**Your goal**
Only the lines below from the one that holds "DELL POWEREDGE R610" through the one that holds "Ring Taklampa 30cm Krom/Svart" should appear in the answer, copied exactly, end lines included and pictures omitted.
START Exercise data
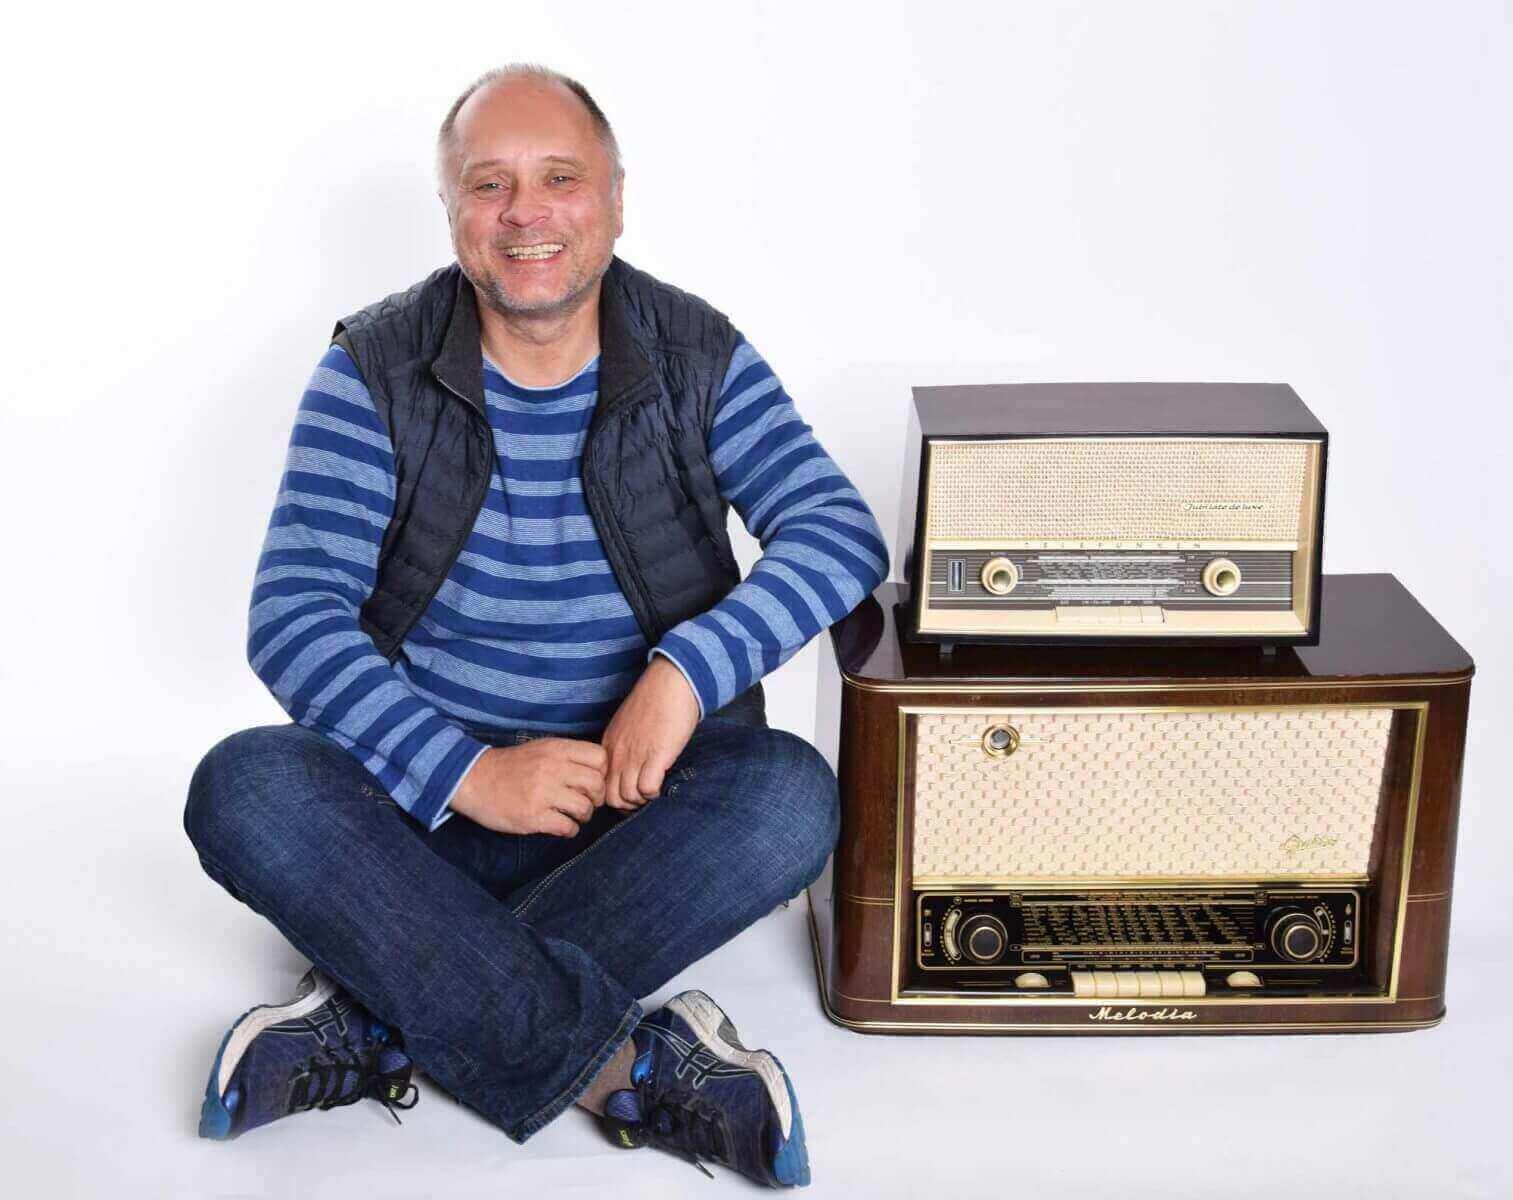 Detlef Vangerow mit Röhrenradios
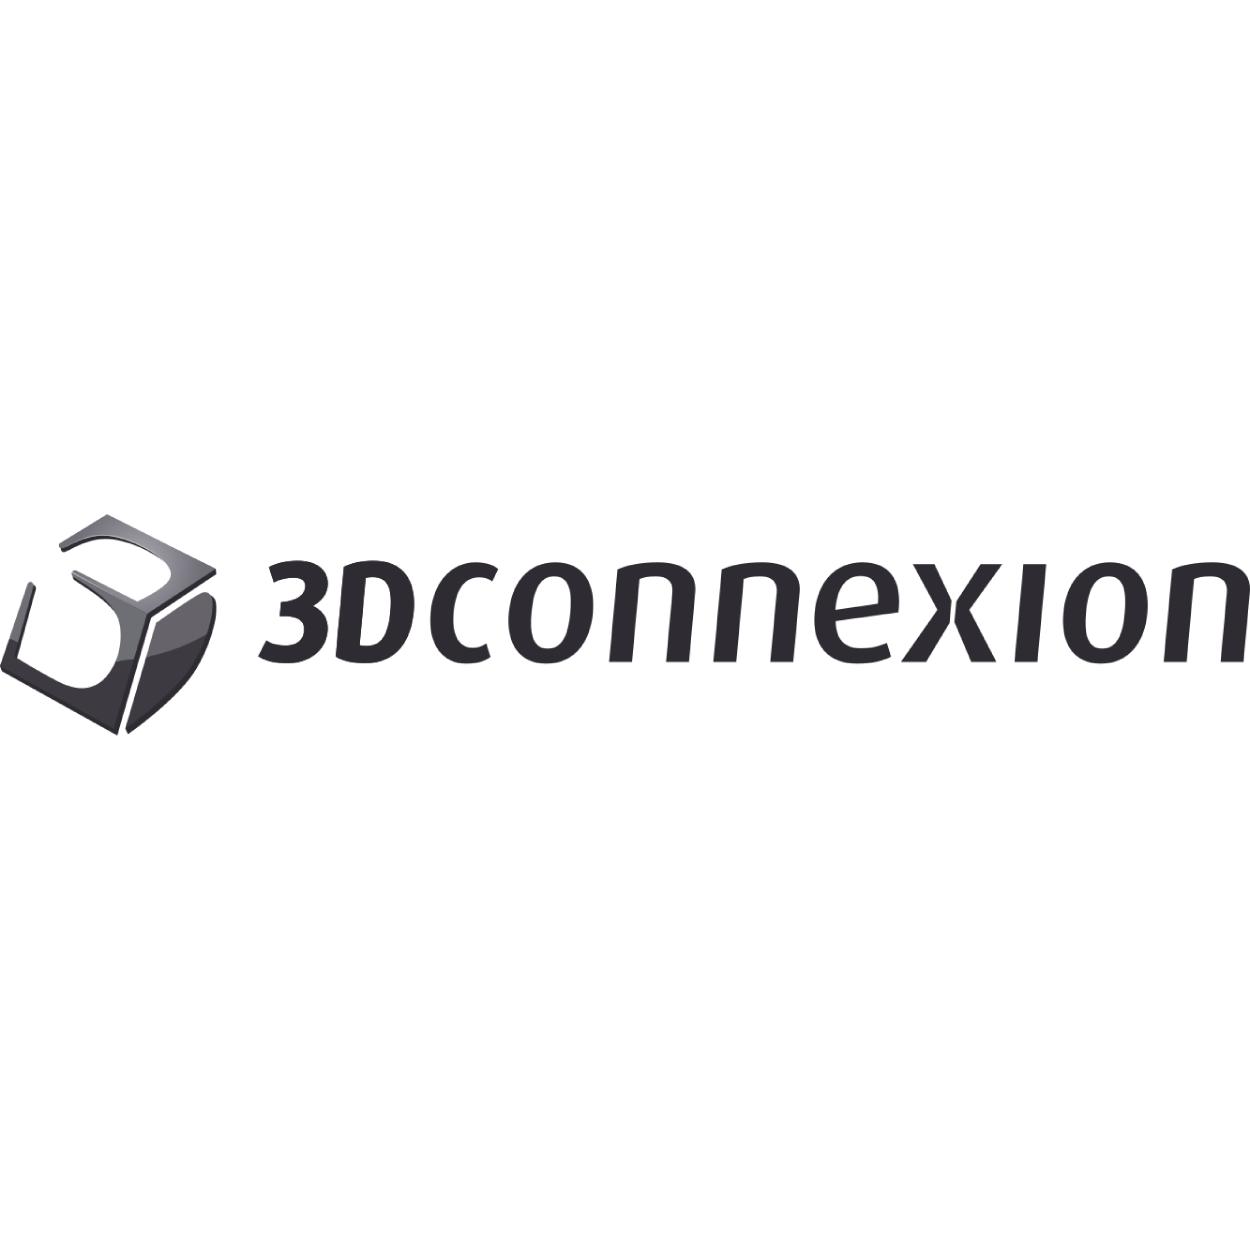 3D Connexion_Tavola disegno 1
END Exercise data
START Exercise data
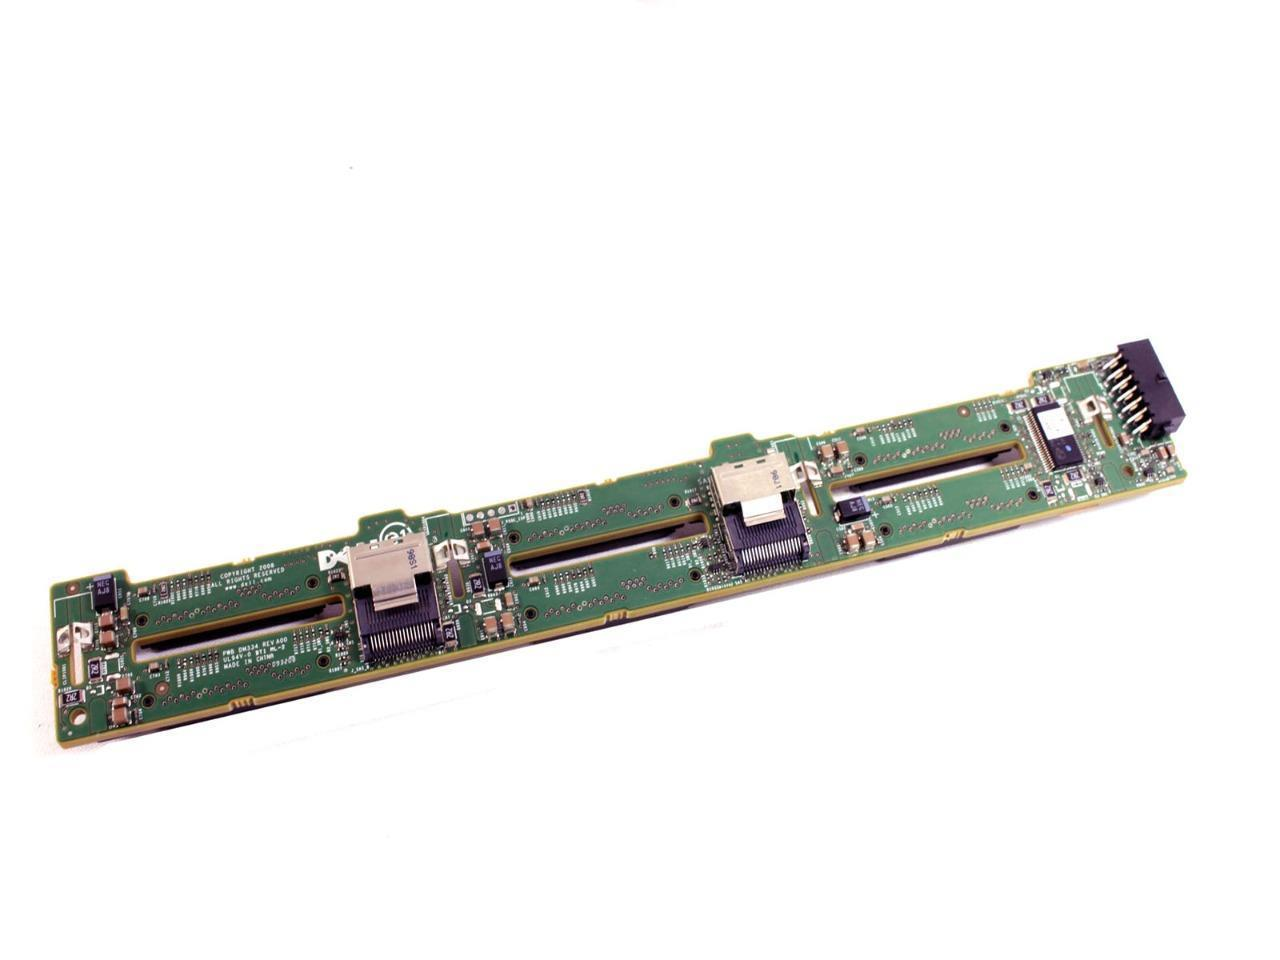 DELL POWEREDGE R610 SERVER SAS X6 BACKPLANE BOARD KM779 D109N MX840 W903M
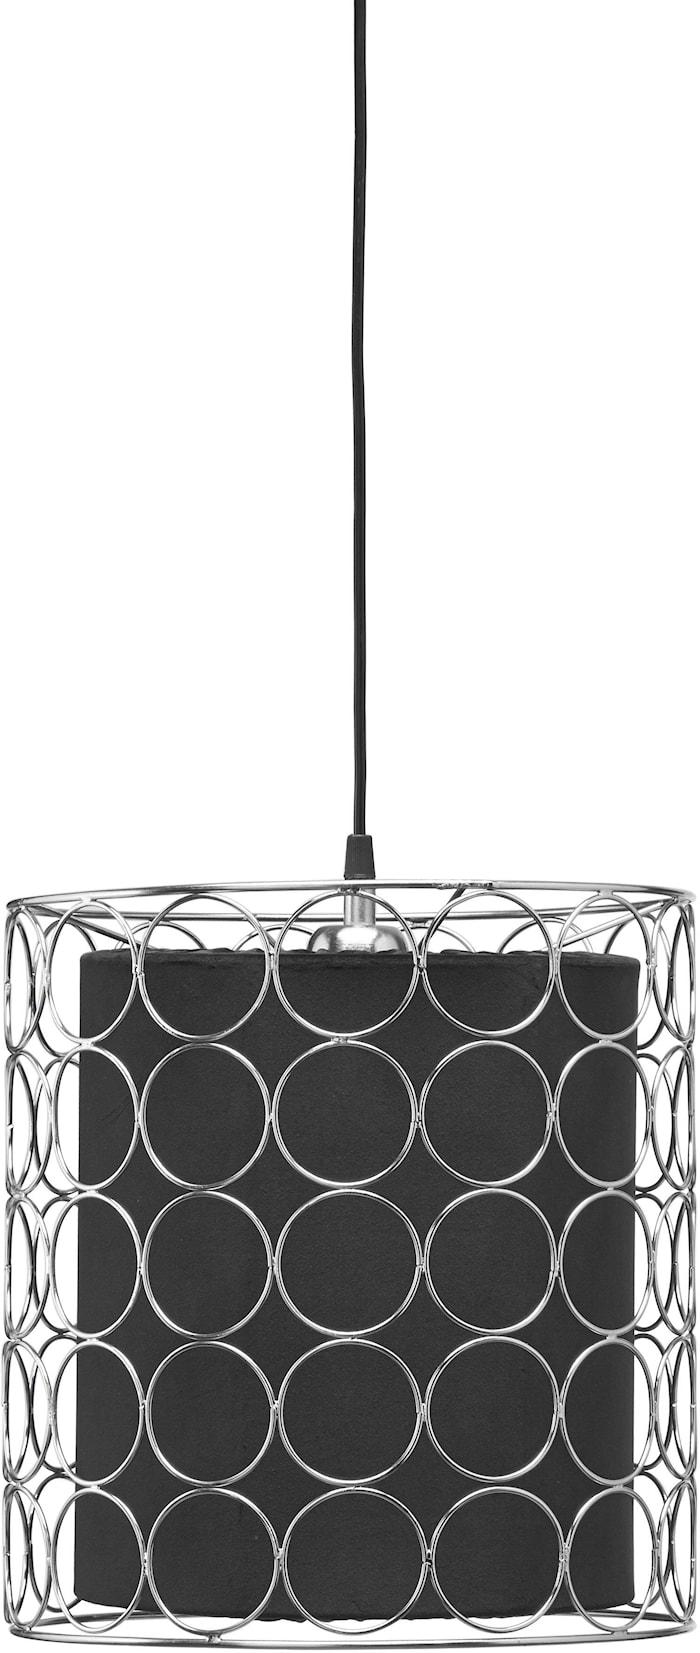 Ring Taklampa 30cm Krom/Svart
END Exercise data
**Problem solution**
 DELL POWEREDGE R610 SERVER SAS X6 BACKPLANE BOARD KM779 D109N MX840 W903M
 Ring Taklampa 30cm Krom/Svart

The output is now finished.